Ayahnya Kak Furqan meraih tangannya dengan hangat, "Furqan, Bapak bakal merasa bersalah kalau kamu korbankan perasaan kamu sendiri karena kita, Nak."
"Enggak sama sekali Pak, Furqan ngerasa gak pantes aja buat Nur sekarang," cetus Kak Furqan.
"Kejar dia, Furqan," pinta Ayahnya. "Sebelum kamu benar-benar kehilangan dia."
"Tapi Pak, Furqan aja masih kerja kecil-kecilan sekarang. Furqan gak mau bawa Nur dalam kesusahan Pak," ujar Kak Furqan.
Bapak tersenyum kagum mendengar kedewasaan Kak Furqan, "Furqan, percaya sama Bapak. Nur gak bakal nuntut kamu," ujar Ayahnya.
"Kejar dia lagi Furqan, Bapak tau kamu masih cinta sama dia," sambung Ayah Kak Furqan.
Kak Furqan mengangguk mengiyakan perkataan Ayahnya. Sepulang dari rumah sakit, dia pergi ke hotel tempatku menginap.
Aku baru saja datang bersama Aksara yang sejak tadi sore menemaniku.
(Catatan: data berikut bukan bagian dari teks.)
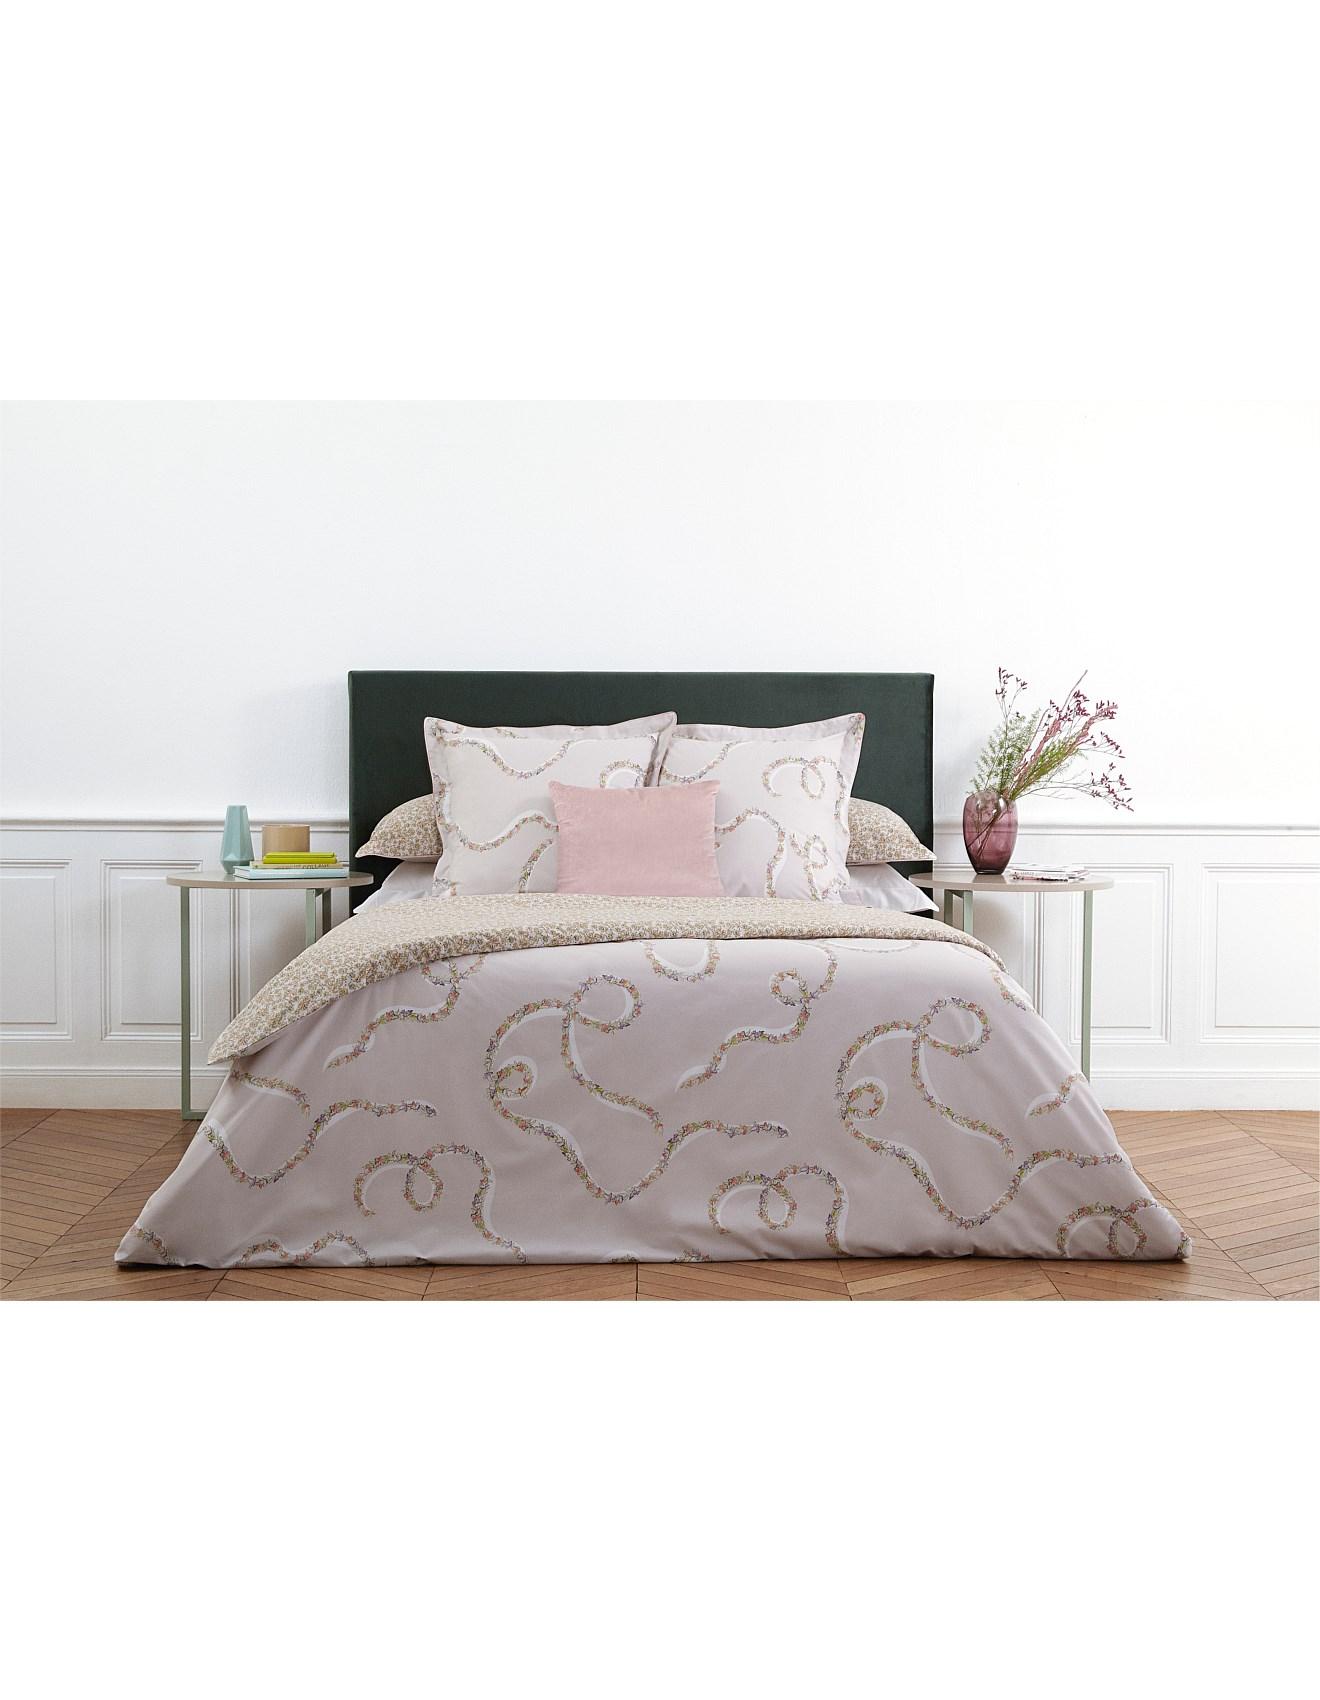 Bed Linen Galons Single Bed Flat Sheet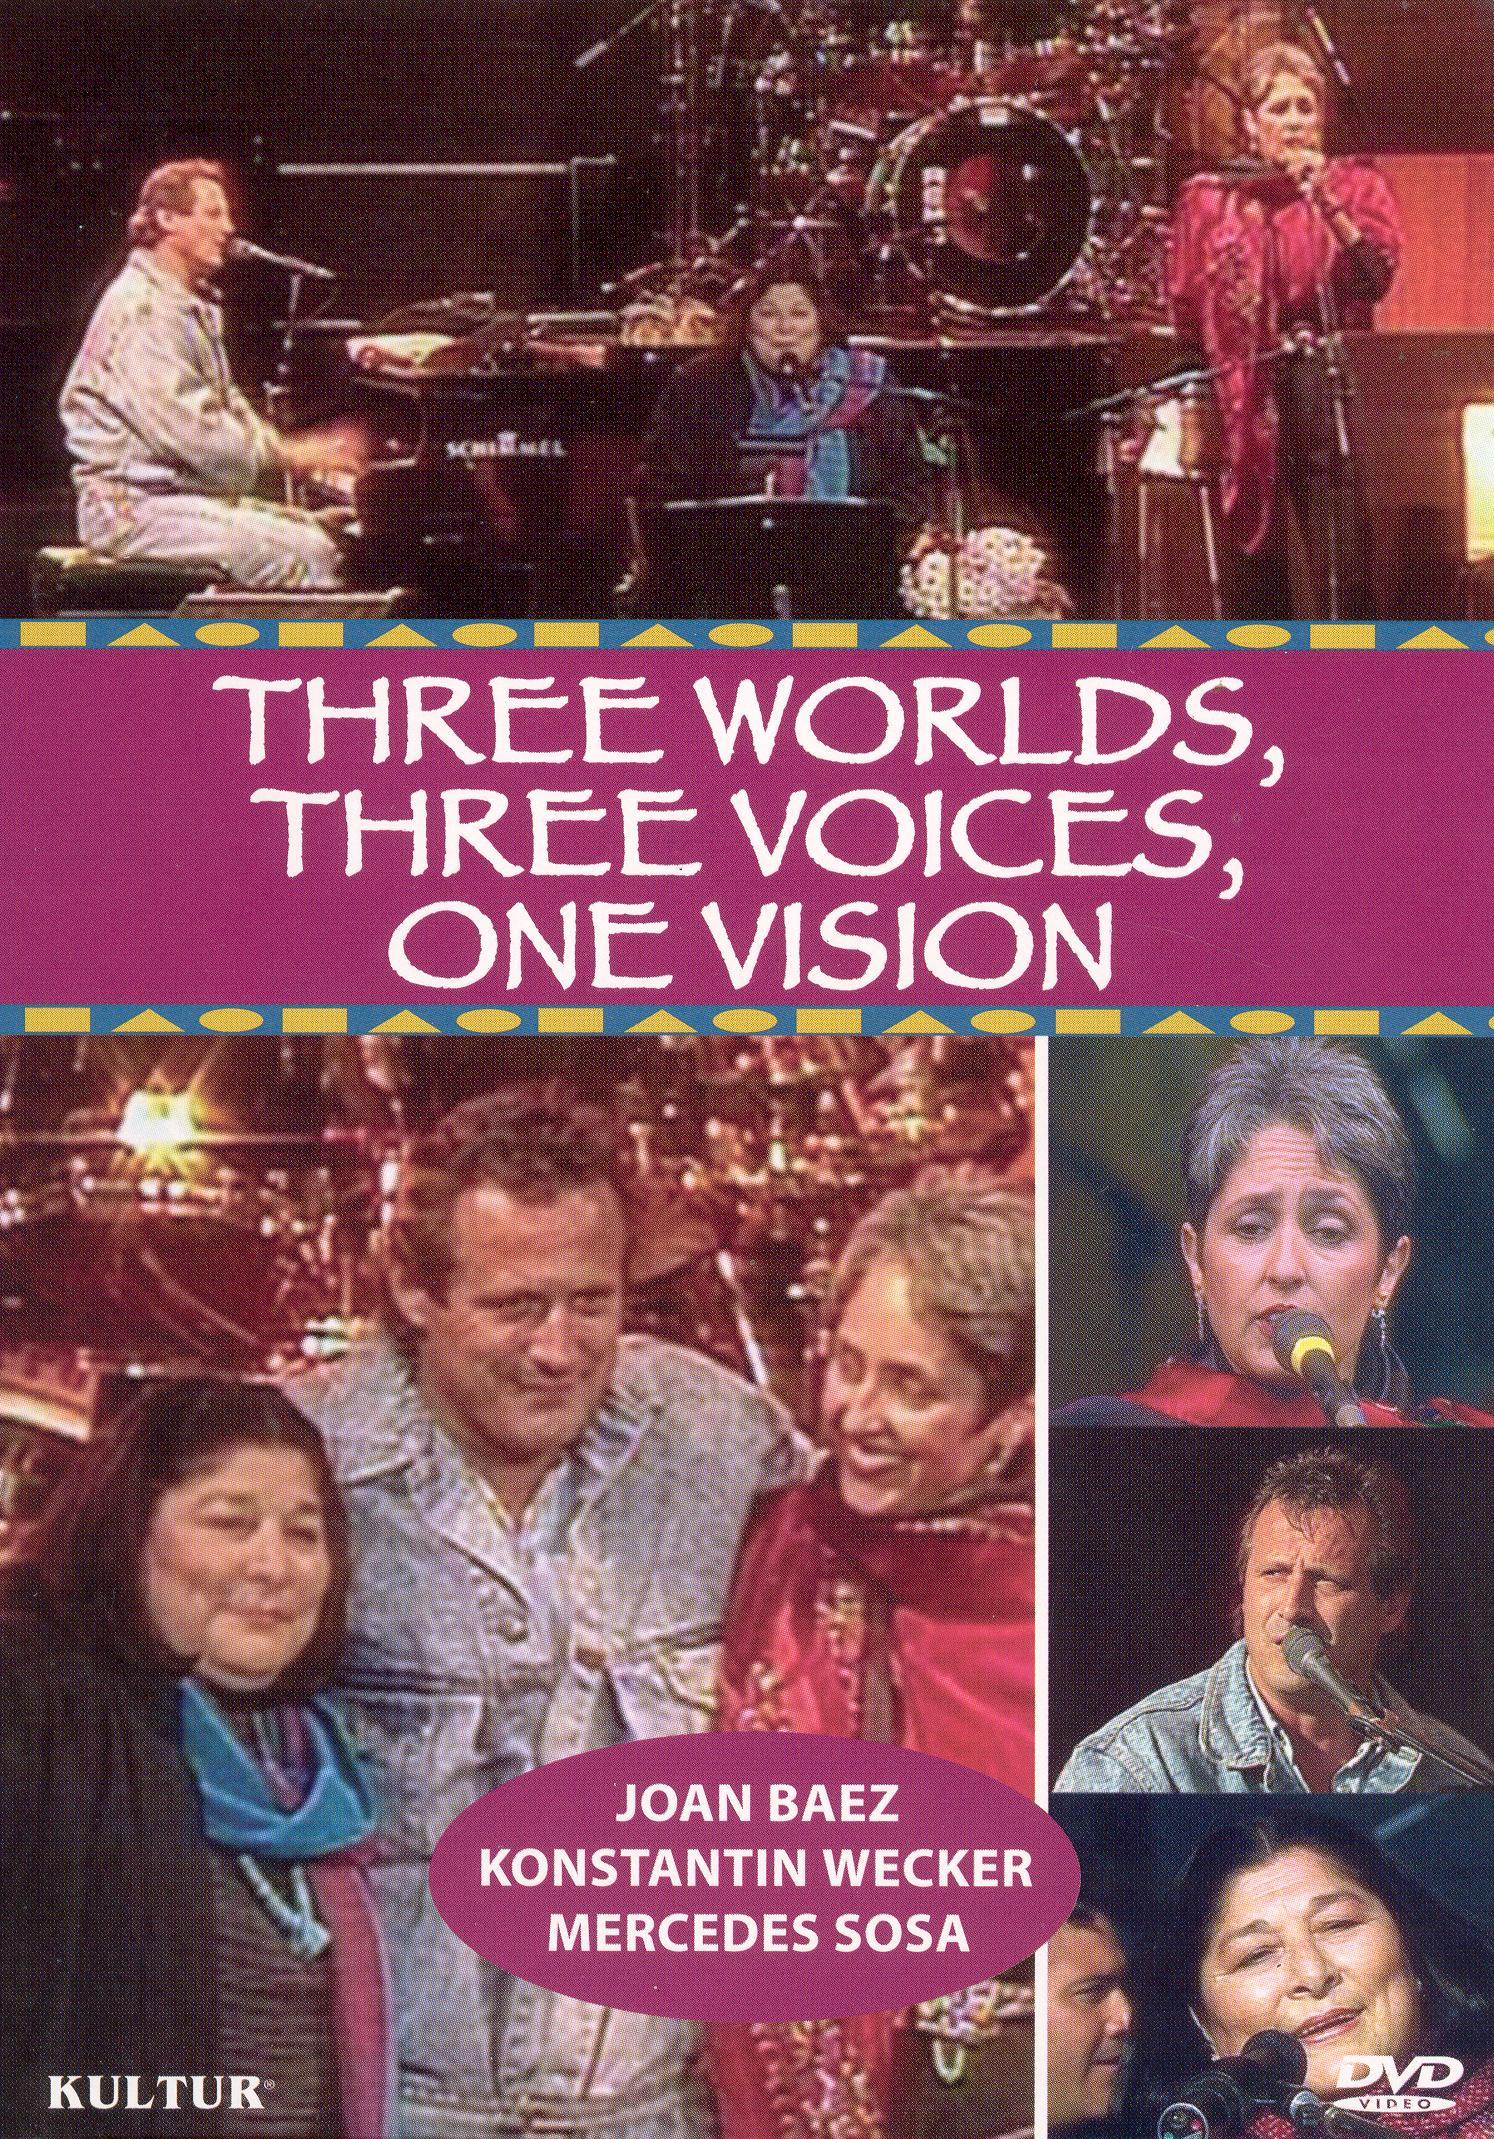 Joan Baez, Mercedes Sosa and Konstantin Wecker: Three Worlds, Three Voices, One Vision

Dia menghampiri kita berdua setelah memanggil namaku cukup keras.
"Darimana Nur?" tanya Kak Furqan.
"Bukan urusan Kak Furqan," jawabku ketus.
"Nur kalau gitu aku pamit dulu ya!" aku mengangguk sembari tersenyum padanya, "besok jadikan ketemu penerbitnya?"
"Nanti aku kabari lagi tentang hal ini ya! Makasih buat hari ini," kataku.
Aksara melambaikan tangannya sembari keluar dari hotel.